Dame Delphine (admettant à contrecœur) :
Oui… Euh… Bon… Disons que… Enfin bref : je vais lui faire cracher le pognon qu’il m’a piqué.
Miro :
Ça, pour ce qui est de faire cracher, t’es une championne. Mais pour le reste tu me surprendras si tu arrives à lui résister. La dernière fois tu n’as pas réussi à le regarder au-dessus de la braguette…
Dame Delphine (pointant sur lui – elle – un index majestueux et néanmoins vengeur) :
Je vais lui faire avaler ses crèmes à la con, ses pilules de soi-disant jeunesse en gelée et sa poudre qui pue. Quand je te vois comme ça, tu peux me croire : il va souffrir, le camelot !
Miro (le regard amusé) :
Oh ! mais tu es vachement remontée aujourd’hui ! Presque autant que ta robe à son dernier passage. Et pour ce qui est d’avaler, je suis sûr qu’il en a pris bonne note…
Dame Delphine :
Ricane, mais tu verras, les choses se passeront comme je te le dis…(Elle s’interrompt puis reprend d’un air songeur) : Tiens, tu me donnes une idée. Je vais le dorloter, plutôt. L‘amadouer. Le cajoler. Et au bon moment, hop, je le balance dans les oubliettes du château ! (Elle ricane d’un rire de reine ricanante) Quinze jours de régime sec et il me mangera dans la main, espère !

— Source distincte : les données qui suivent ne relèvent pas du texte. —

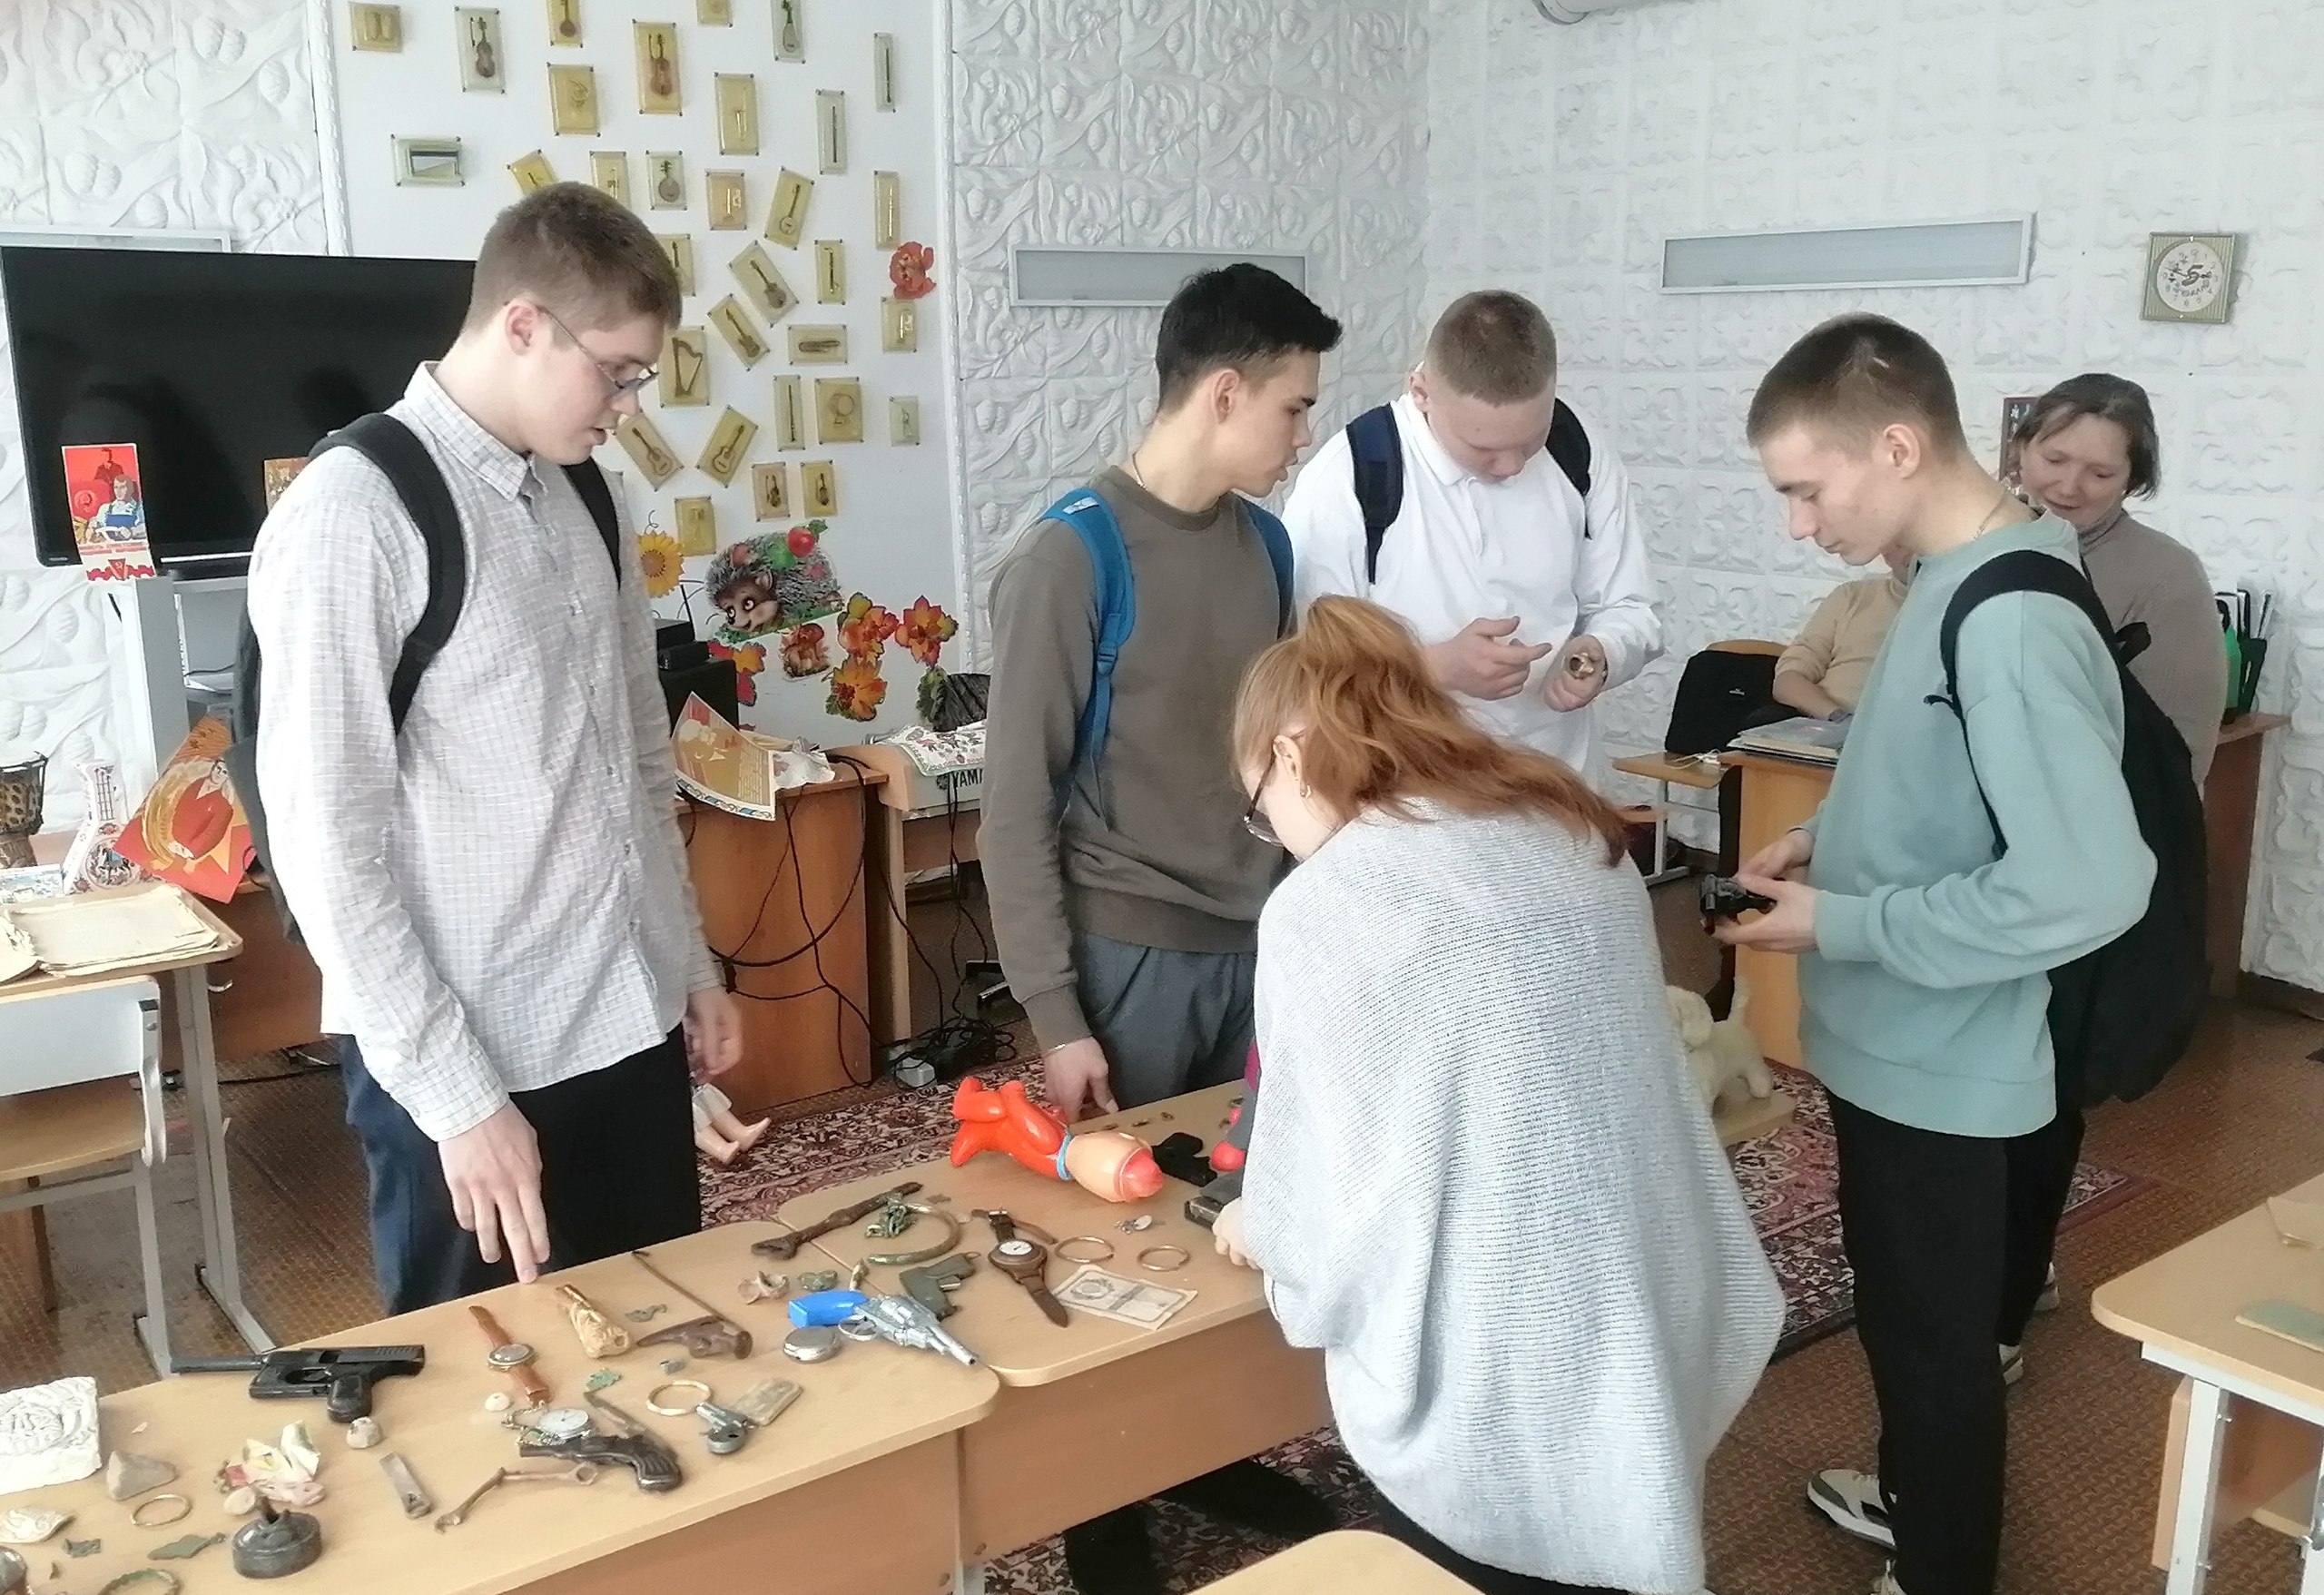 Некоторые экспонаты вызывали у учащихся Нижнетуринской гимназии множество вопросов, на которые Вячеслав Крутихин обстоятельно ответил, рассказав истории вещей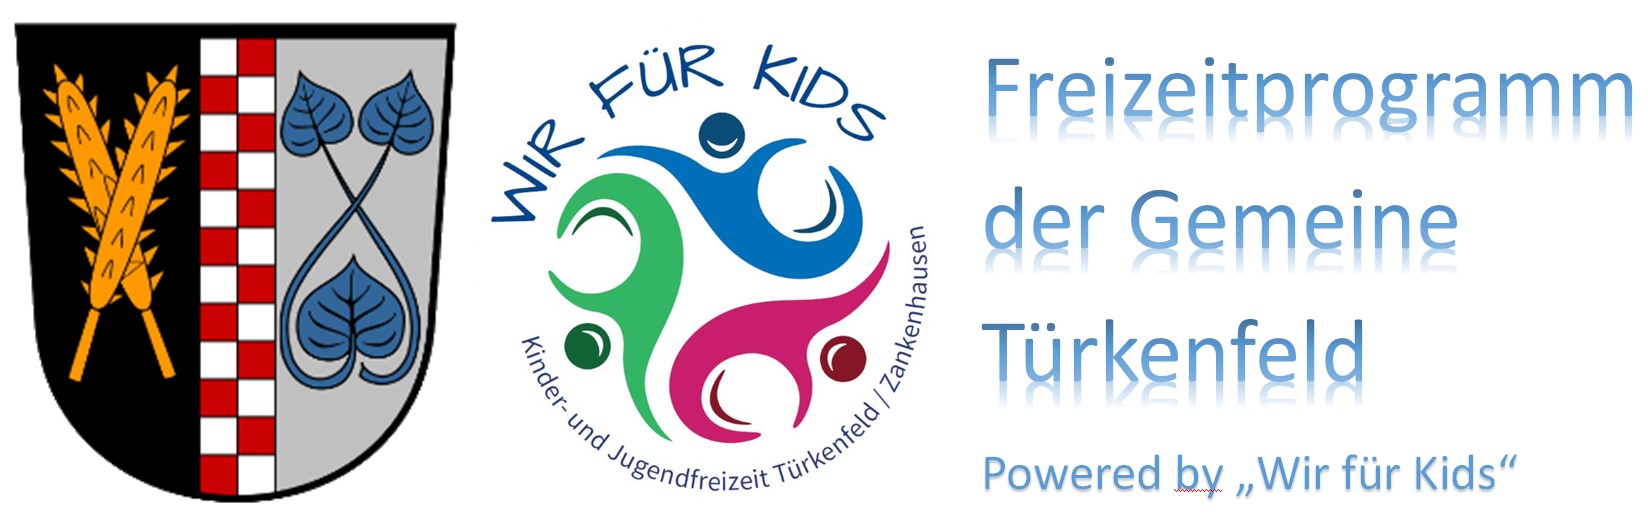 Freizeitprogramm der Gemeinde Türkenfeld

Miro (s’examinant les ongles, une moue dubitative aux lèvres) :
Et toi, quinze jours de tentation. Quinze jours à penser au beau mâle et son accessoire qui se morfondent dans tes geôles. Tu ne tiendras jamais ma pauvre !
Dame Delphine (haussant le ton) :
Et comment, que je vais tenir !… Tu ne me connais pas. Je suis là depuis plus longtemps que toi. Quand je décide une chose, je m’y tiens.
Miro (soupirant, levant les yeux au ciel) :
Et te voilà reparti dans tes délires. Ce n’est pas parce que tu m’as remplacé (e) que je ne suis pas la (e) même. Je suis toi et depuis le début. Cela ne changera jamais. Je te connais par cœur : tu ne tiendras pas deux heures avant d’aller le rejoindre dans ton cul … de basse fosse. Nympho tu es, nympho tu restes.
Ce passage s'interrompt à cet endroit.